Looked at a bunch of surveys — OReilly, Linux Foundation, KPMG & Deloitte. Following are the voices from the survey that resonate with me. Figure out how many of these are relevant for you.

  • Most of the organizations surveyed believe Generative AI will have the largest impact on their businesses out of all emerging technologies. majority of companies surveyed plan to significantly invest in GenAI, allocating a large percentage of their IT budgets to the technology.
  • Survey results paint an impression that improvement in workforce productivity is the biggest factor for investing in AI. Across organizations, their current generative AI efforts remain more focused on efficiency, productivity and cost reduction than on innovation and growth.

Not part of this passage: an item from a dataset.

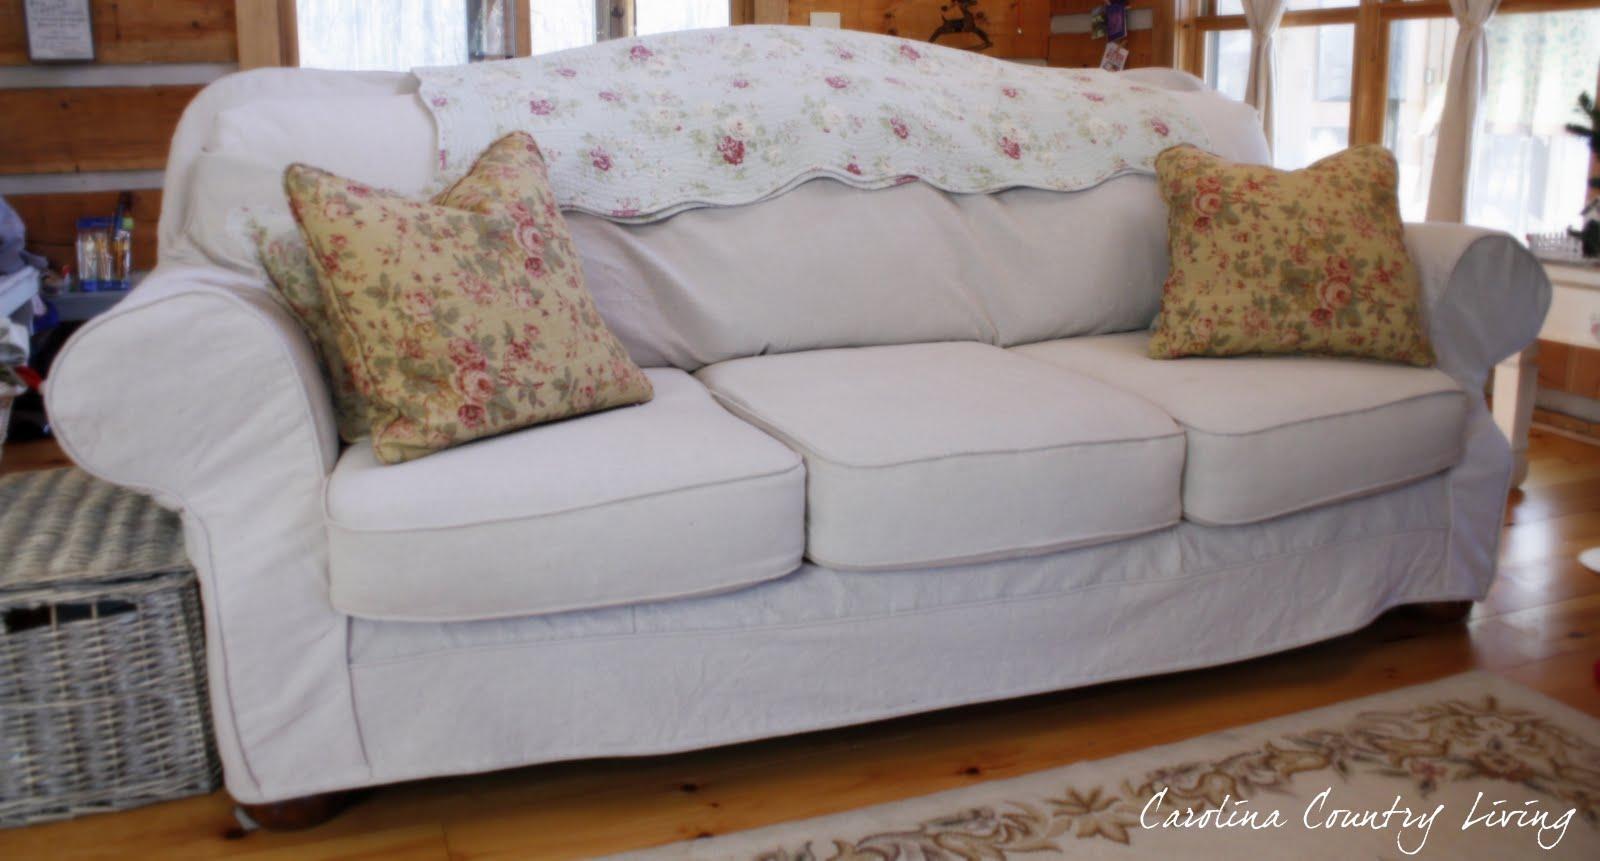 Carolina Country Living: Drop Cloth Sofa Slipcover With Regard To Camel Back Sofa Slipcovers (Image 5 of 20)

  • Many AI adopters are still in the early stages and most of them are in the POC phase for less than a year. While, some of them already have applications in production. However, most of them plan to rollout their first generative AI solution within the next two years.
  • Most organizations are primarily relying on off-the-shelf generative AI solutions & roughly 20% of the organizations are working with AI are using open source models.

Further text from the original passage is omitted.